Ari and I work together closely at the Foundation for Defense of Democracies (FDD), but we decided to publish this research independently as the investigation is still ongoing. Our incredible intern, Mason Krusch, also helped with these findings, and he is open for work… so better hire him before someone else snatches him up!

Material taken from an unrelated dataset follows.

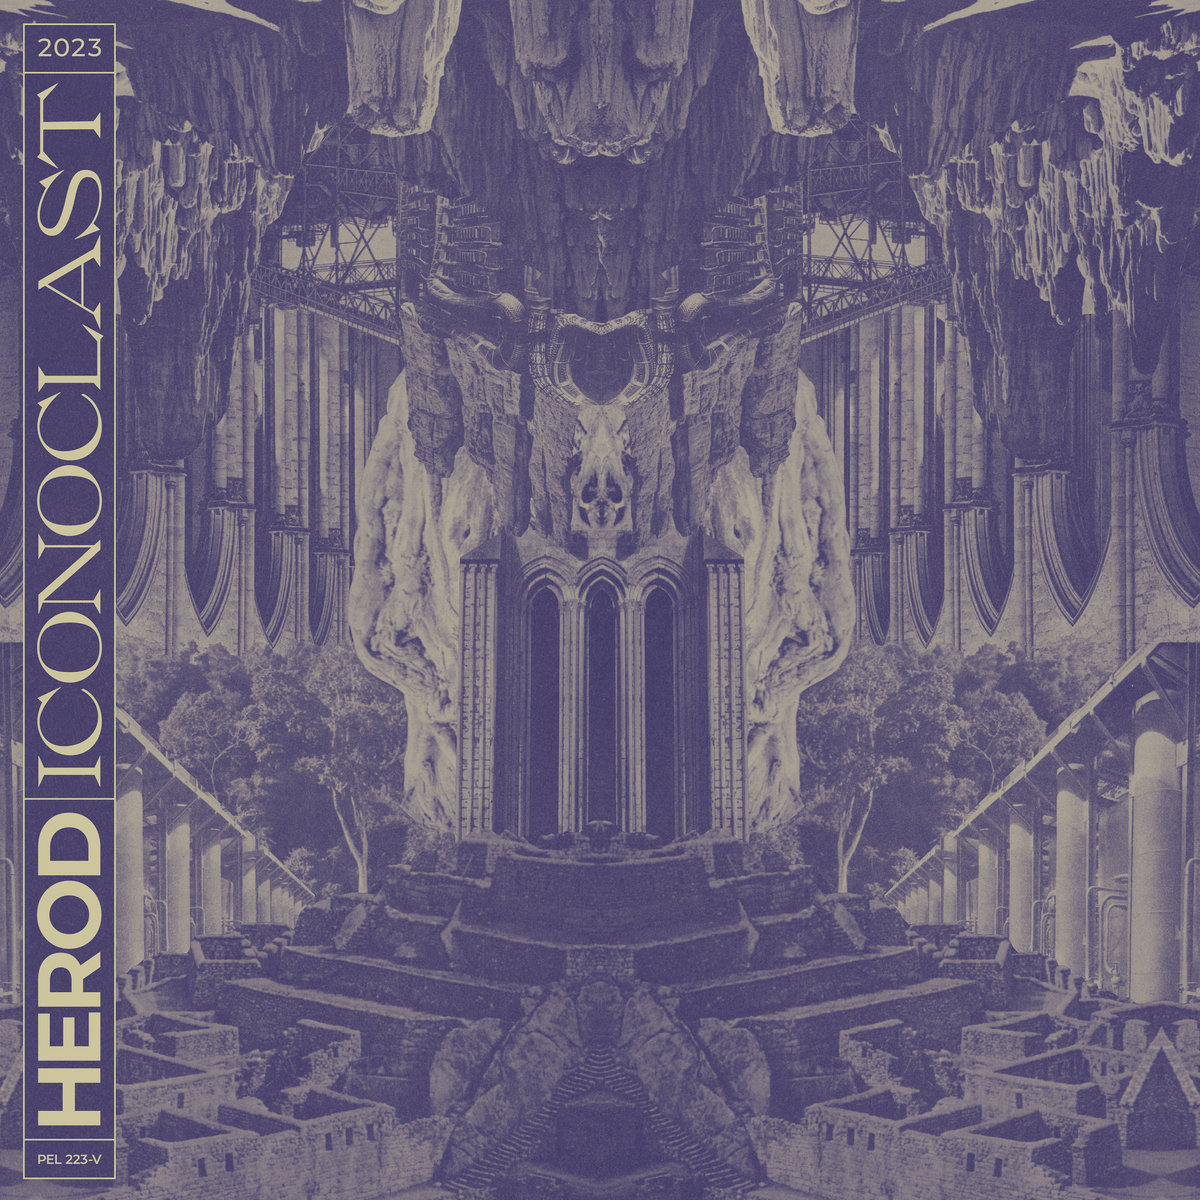 Herod - "Iconoclast" - 2023

Prior to the election, the ODNI warned that foreign threats to U.S. elections might continue after voting ends, seeking to cast doubt on the integrity of the elections. We recently discovered a hacktivist persona who claimed to have hacked election infrastructure. The persona appears to intentionally feed the impression that it is Russian, but it is difficult to determine whether it is in fact Russian or someone posing as a Russian. It is clear, however, that someone created the persona expressly for the purpose of spreading highly suspect claims of having hacked election infrastructure to tip the scales in Trump’s favor.
On November 17, 2024, an unknown hacktivist persona known as Red Bear claimed on X to have hacked into Dominion Voting’s Election Management System (EMS) to flip votes in Trump’s favor in unspecified regions across Arizona, Georgia, Pennsylvania, and other states.
Figure: Photo shared in Red Bear post claiming it modified results in Arizona, Georgia, Pennsylvania, and other states.
Red Bear warrants attention not only because of the nature of its claims, but also because the claims have gained significant reach. Red Bear’s own posts on X have collectively garnered over 80,000 views. On top of this, Elections Focus, a suspicious account discussed in a previous edition of Memetic Warfare Weekly, shared screenshots of Red Bear’s posts multiple times, collectively gaining over 180,000 views. Prominent entrepreneur-turned-philanthropist Chris Klaus shared Red Bear’s claims over multiple posts that collectively garnered over 420,000 views. These posts on X are only a few prominent examples, and do not comprehensively represent the reach of Red Bear’s claims across various platforms.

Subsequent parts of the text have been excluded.